To understand exactly what Buffett refers to when he talks of single family residential homes, we need to delve into the concept of good debt. In general, good debt can be described as money borrowed to purchase an asset which creates cash flow or increases in value. Good debt might be a truck you buy which allows you to generate income from a business. Pay attention to the word “might.” If you go into debt to get a $90,000 vehicle when $30,000 would have sufficed, well, that’s a not good debt. The best example of good debt that most people are familiar with is the house they took out a mortgage on, live in, and will one day own outright. Periodic market fluctuations aside, history has proved that it’s rarely a bad idea to buy real estate, due to the fact that it’s a scarce commodity (last time we checked, they weren’t planning on making any more), and the earth’s ever increasing population.
So investors should run out and snap up as many properties as they can afford, rent them out, and quickly pay off the mortgages? Not exactly. This approach puts you in the ballpark of the smartest approach to real estate investing, but there’s one small problem with this thinking. In reality, you should NEVER plan on paying off the mortgage, but rather refinance periodically, then take the money generated and buy more single family residential homes.
This idea that it makes more financial sense to only pay the interest on a mortgage and never plan to pay the thing off is difficult for many Americans to swallow, especially those raised by a certain generation of parents and grandparents to pay your debts off quickly. Far be it from us to claim your elders are wrong, but in this new inflationary day and age, they’re wrong. The reality is that a low interest, long term mortgage associated with an income generating property is, hands down, the best inflation hedge around.

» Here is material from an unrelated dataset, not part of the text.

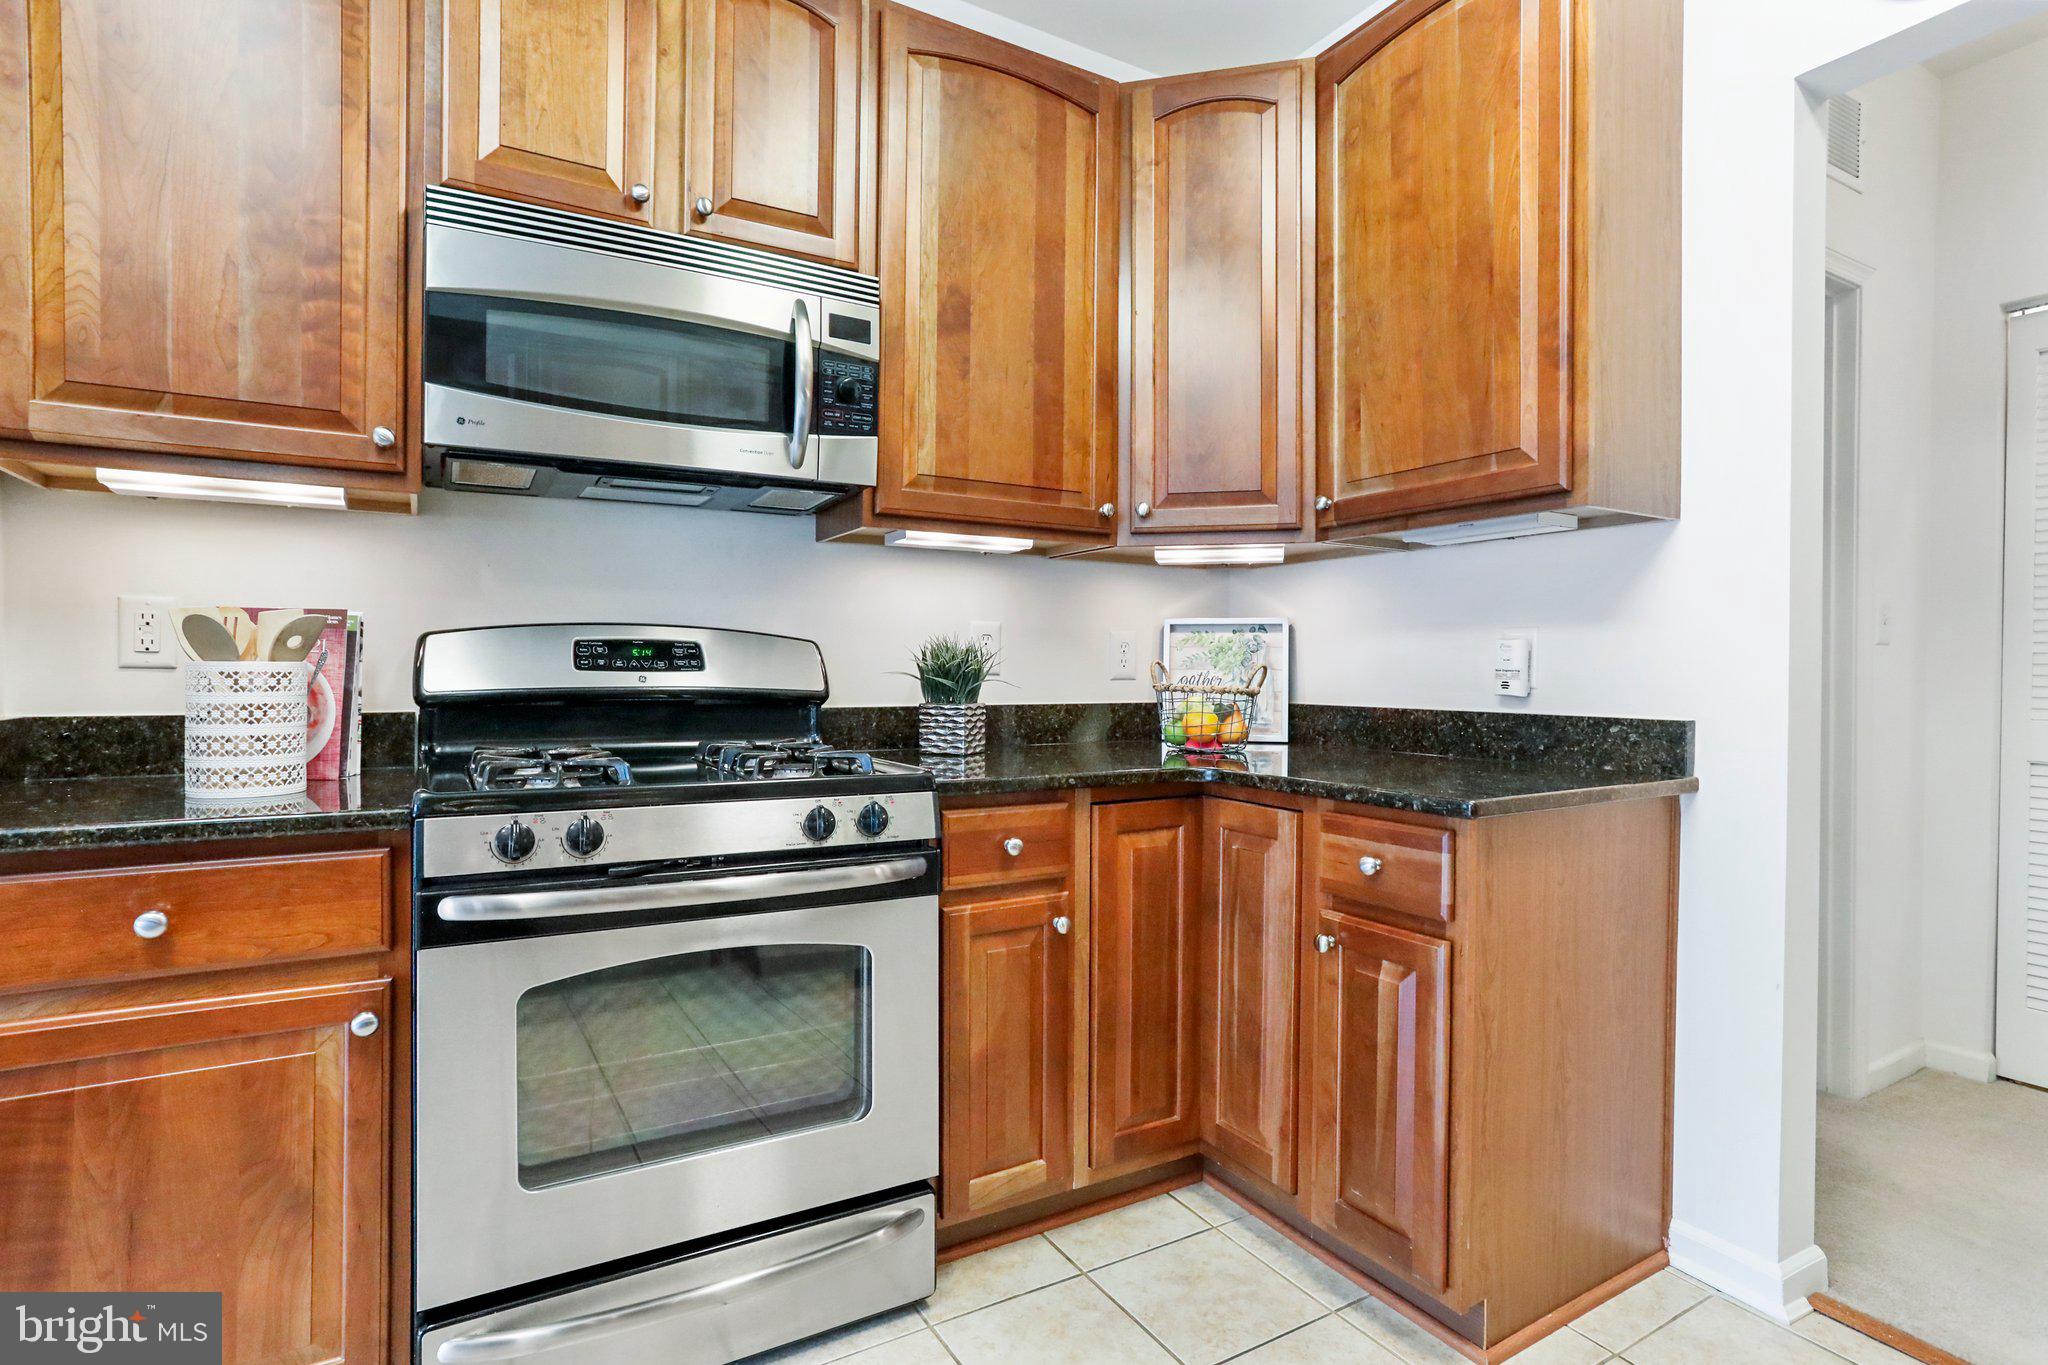 a kitchen with stainless steel appliances granite countertop wooden cabinets a stove top oven
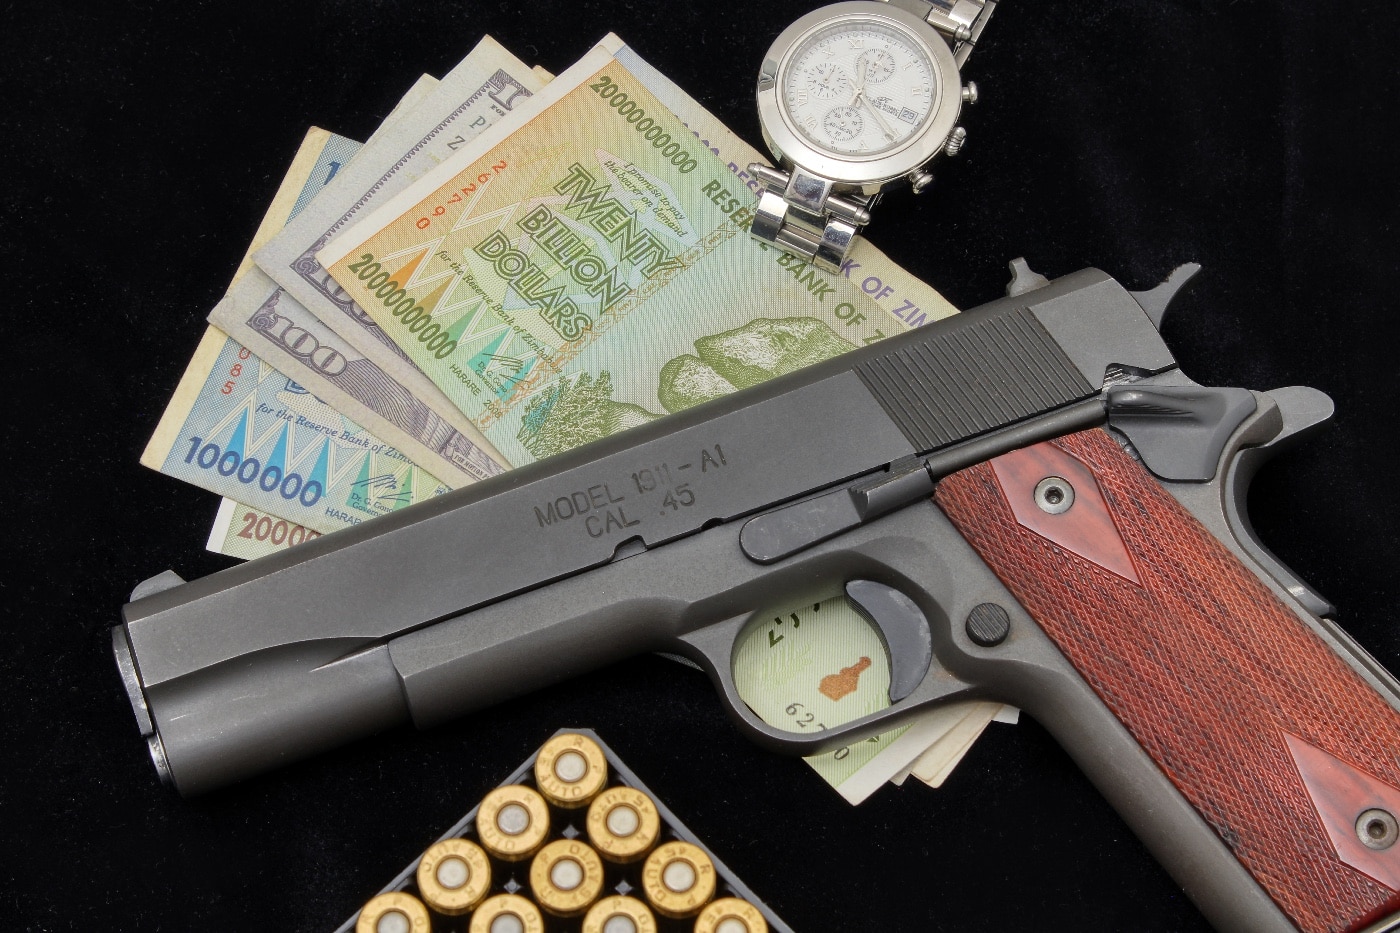 In this photo we see a M1911A1 pistol chambered for the .45 ACP cartridge. The handgun was the standard sidearm of the United States military. Also shown in the photo is ammunition, a wrist watch, paper currency money and more. M1911A1 pistol as an investment

Which calls to mind a saying that goes something like this: “If you owe the bank a hundred dollars, it’s your problem. If you owe the bank a hundred million dollars, it’s the bank’s problem.” Which really has nothing to do with the present discussion except to emphasize that your power in dealing with your bank is likely directly proportional to how much money you owe them. But we digress.
How can it be that you fight the effects of inflation by owning long term real estate debt?
Is your brain fresh, because what we’re about to talk about can turn your concept of financial reality inside out. The basic idea is this. When the currency of nation, such as the American dollar, is in a continual state of being devalued, you’re better off holding something that is, for lack of a better term, the polar opposite. What is the opposite of a pile of money? How about a pile of debt? The practical application is this. Assuming that annual inflation runs at about 5% (which is a delirious federal underestimate), a dollar in your pocket today will be worth – in real terms of what you can buy with – only about 95 cents in one year. Assume another 5% decline the year after that and, by the end of year two, your dollar buys only about 90 cents worth of the stuff it used to.
The continual erosion of purchasing power in the face of inflation is the modern day citizen’s lot in life unless that person learns to look at real estate differently. Let’s switch the idea around and analyze the idea of a mortgage from the perspective of the banker. We’ve already established that inflation reduces buying power by devaluing currency. Consider that the mortgage your bank holds is simply a balance sheet based in dollars. Dollars you owe them. Stay with us as we point out the economic reality that, once again, in terms of purchasing power, the loan you assume to purchase a piece of property is also being devalued by the destructive effects of inflation. That’s bad for the banker (though you shouldn’t feel too sorry for him. He’ll get by with fees and whatnot) but good for you.
The amount of money you owe on the mortgaged property is dwindling away year by year. Do you see the absolute beauty of this? By holding onto properly structure long term debt, you preserve your purchasing power, all the while gaining ownership in history’s best asset class.
What Jason Hartman recognized a long time ago and Warren Buffett implied in his recent comments, is that investing in single family residential homes is a win/win scenario for you. Here’s the short version. You use someone else’s money to buy an asset that you’ll eventually own, meanwhile renting it out to generate enough cash to cover the monthly loan note. With house prices still drooping and rental rates rising, there’s a great chance you’ll come out with positive cash flow to boot.